Sales chasing is the practice -- sometimes deliberate, sometimes an unintended side effect of a valuation methodology -- of moving a parcel's appraised value toward its observed sale price. It makes a valuation look very strong on sold parcels (ratios collapse onto 1.0 and COD drops) while not improving (and sometimes worsening) uniformity among comparable unsold parcels. Because a ratio study can only be scored against parcels that actually sold, a roll affected by sales chasing can post numbers that look better than the values would out-of-sample. openavmkit's own models are evaluated out-of-sample, so a naive head-to-head can understate openavmkit relative to such a roll.

This is an information-gap problem, not an accusation: the point is simply that scoring a roll on the same sales that may have informed it is not the same test our held-out models face. This module turns that asymmetry into measurable signals so a very tight assessor ratio study can be interpreted with the right context rather than taken at face value. Three signals are computed; each degrades gracefully when its inputs are unavailable:

  1. Ratio spike at 1.0 -- the share of sold parcels whose value / sale_price lands within eps of 1.0. A large mass of ratios sitting exactly on 1.0 is a strong indicator that values were taken directly from sale prices.
  2. COD-CHD divergence -- mirrors the model utility score's sales_chase_score ((1 / COD) * CHD; see :func:openavmkit.modeling.compute_utility_score): a suspiciously low ratio-COD on sold parcels paired with high within-cluster dispersion (CHD) of the values themselves. A genuinely accurate roll has both low COD and low CHD; a chased roll buys low COD on sold parcels without the matching uniformity. Requires a horizontal-equity cluster column.
  3. In/out-of-sample COD gap -- COD on pre-valuation sold parcels vs. post-valuation sold parcels. A large jump once we include sales the assessor could not have seen at roll-close measures the in-sample advantage directly. Requires sale_age_days and an aligned valuation_date (see the ratio study docs).
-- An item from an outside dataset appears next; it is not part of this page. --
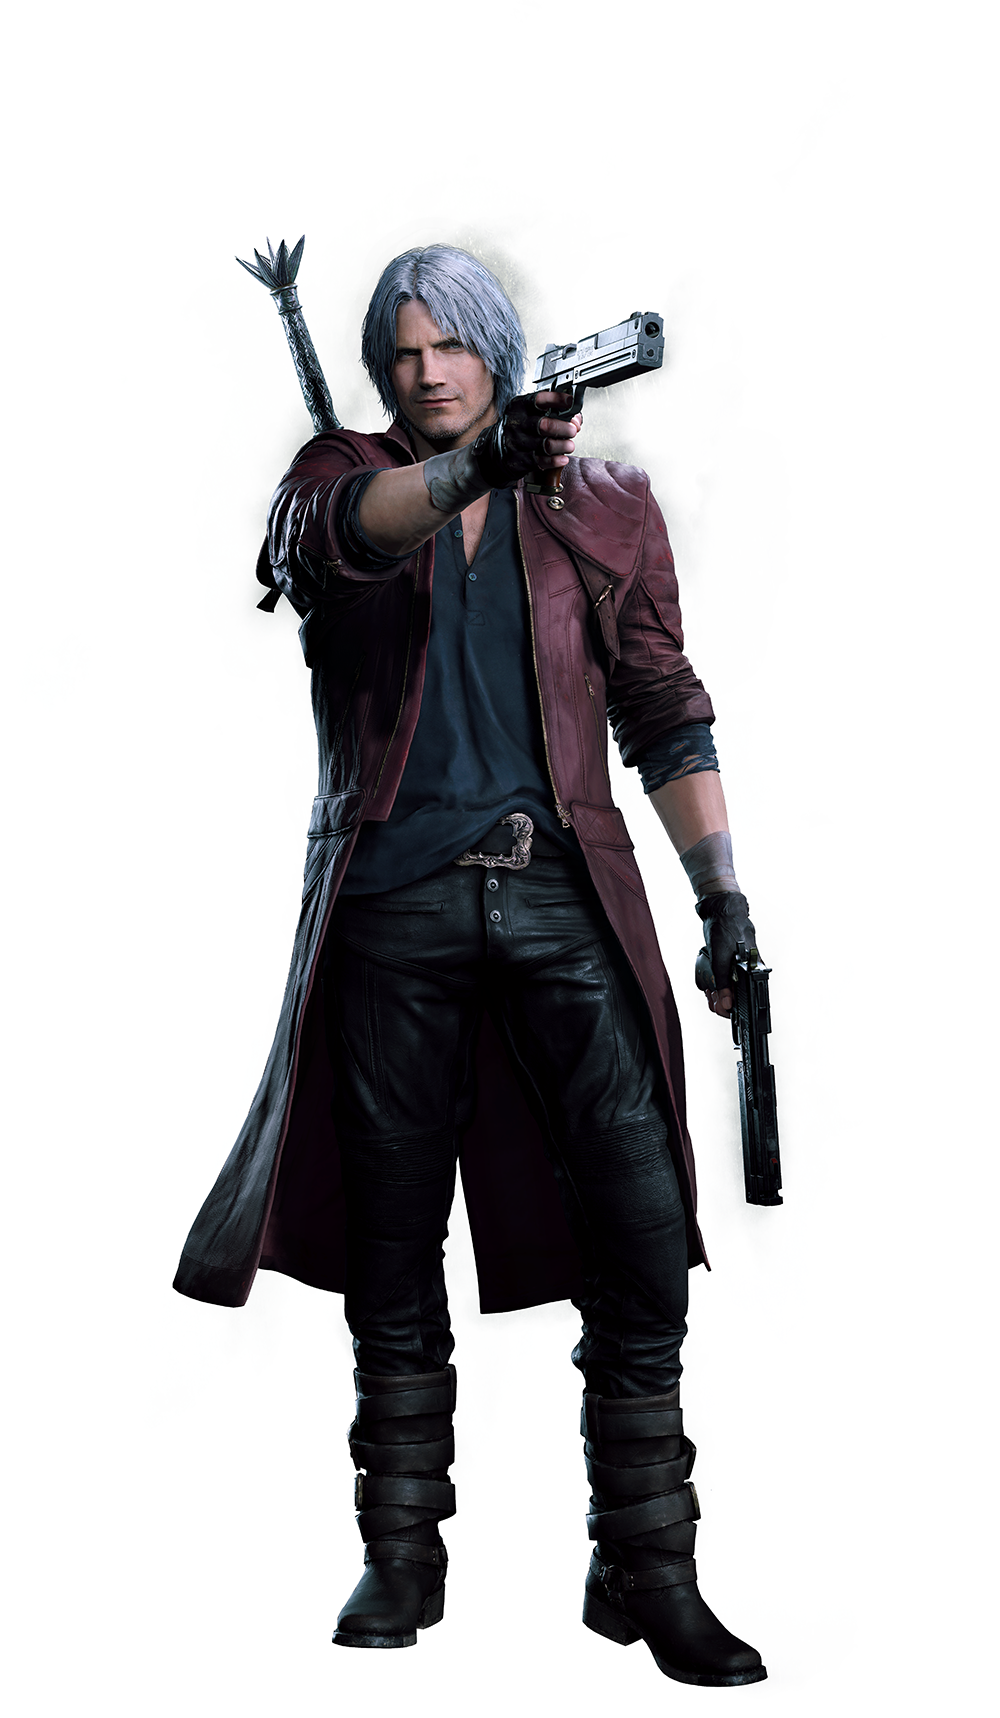 Devil May Cry 5 Dante Leather Coat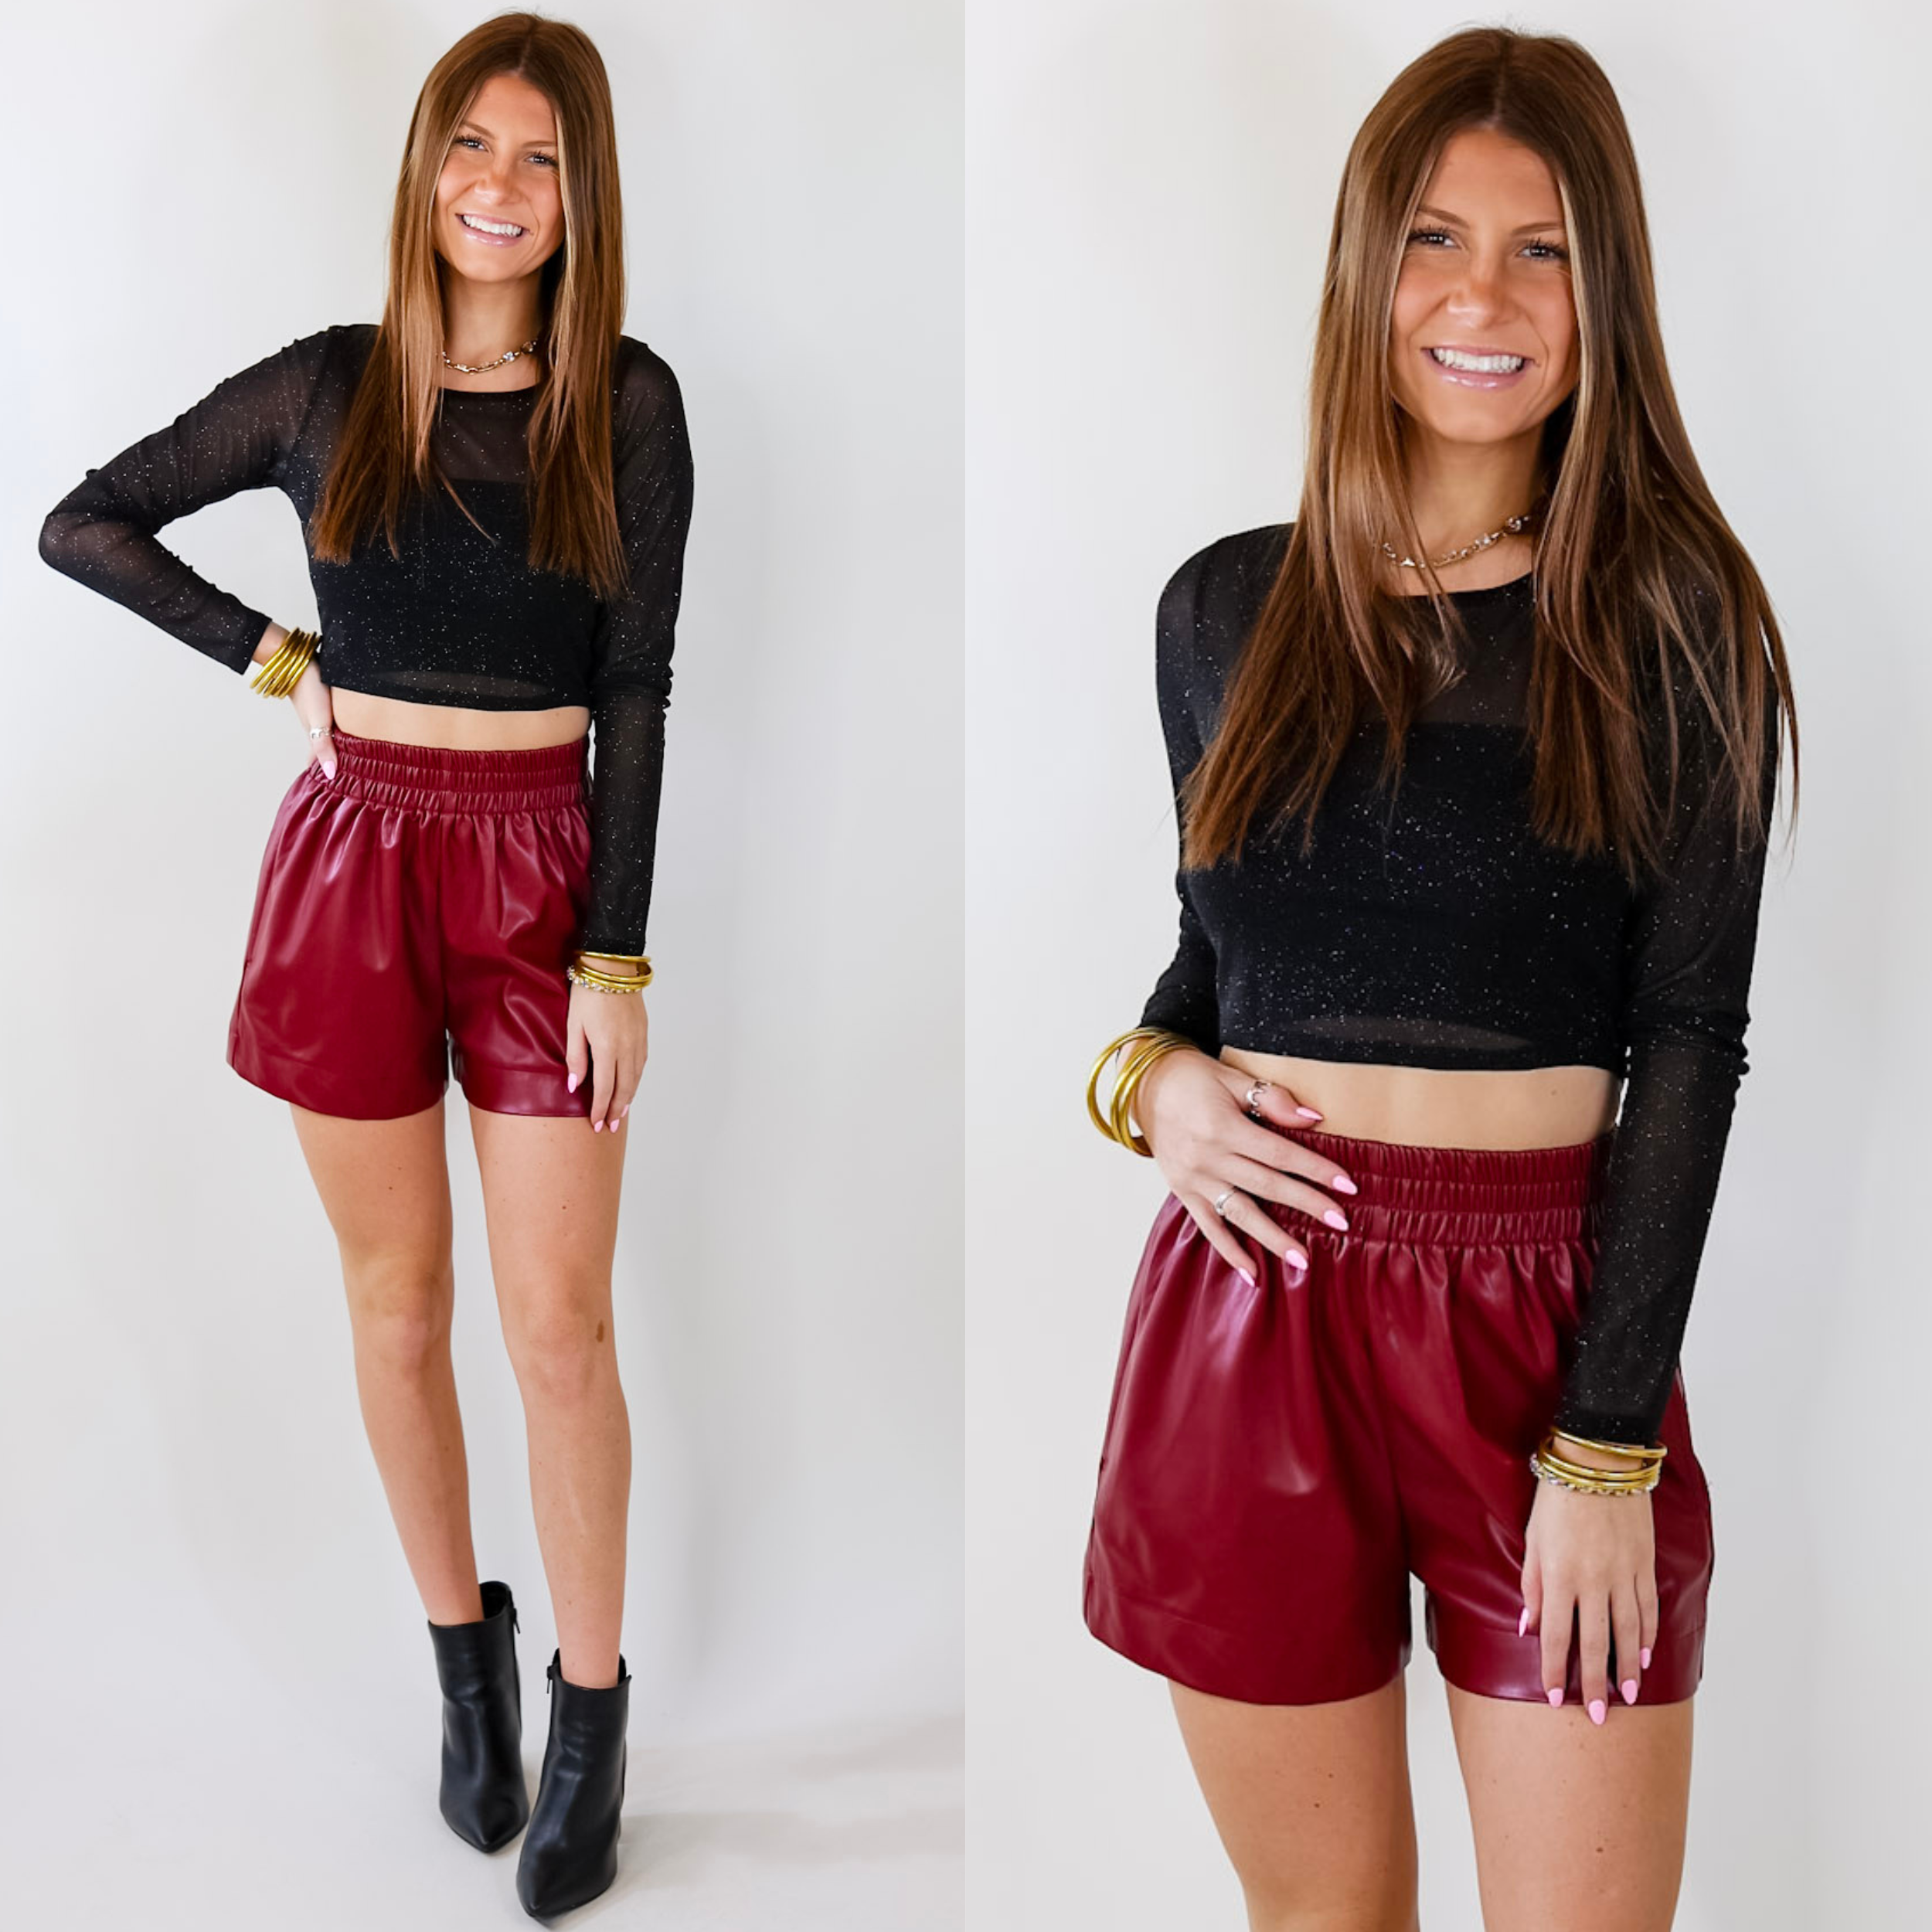 Model is wearing a black long sleeve crop top that is sparkly. Model has it paired with faux leather shorts, black booties, and gold jewelry.

SalesChasingResult dataclass

SalesChasingResult(field, signals=list())

Combined sales-chasing verdict for one valuation field.

verdict property

verdict

"likely" (>=2 signals), "possible" (1 signal), or "no signal".

to_markdown

to_markdown()

Render the result as a small Markdown table plus a verdict line.

Source code in openavmkit/sales_chasing.py
 97
 98
 99
100
101
102
103
104
105
106
107
108
109
110
111
112
113
114
115
116
117
118
119
120
121
122
def to_markdown(self) -> str:
    """Render the result as a small Markdown table plus a verdict line."""
    header = "| Signal | Value | Reference | Flag |\n| --- | --- | --- | --- |"
    rows = []
    for s in self.signals:
        val = "n/a" if s.value is None or not np.isfinite(s.value) else f"{s.value:.2f}"
        ref = (
            "n/a"
            if s.reference is None or not np.isfinite(s.reference)
            else f"{s.reference:.2f}"
        )
        flag = "**yes**" if s.flagged else "no"
        rows.append(f"| {s.name} | {val} | {ref} | {flag} |")
    table = header + "\n" + "\n".join(rows)
    verdict = {
        "likely": (
            "**Multiple sales-chasing signals fired.** Interpret the assessor's results "
            "on sold parcels with this context; it is a prompt to look closer, not a verdict."
        ),
        "possible": (
            "**One sales-chasing signal fired.** Worth a closer look, but not conclusive."
        ),
        "no signal": "No sales-chasing signals detected.",
    }[self.verdict]
    details = "\n".join(f"- *{s.name}*: {s.detail}" for s in self.signals)
    return f"{verdict}\n\n{table}\n\n{details}\n"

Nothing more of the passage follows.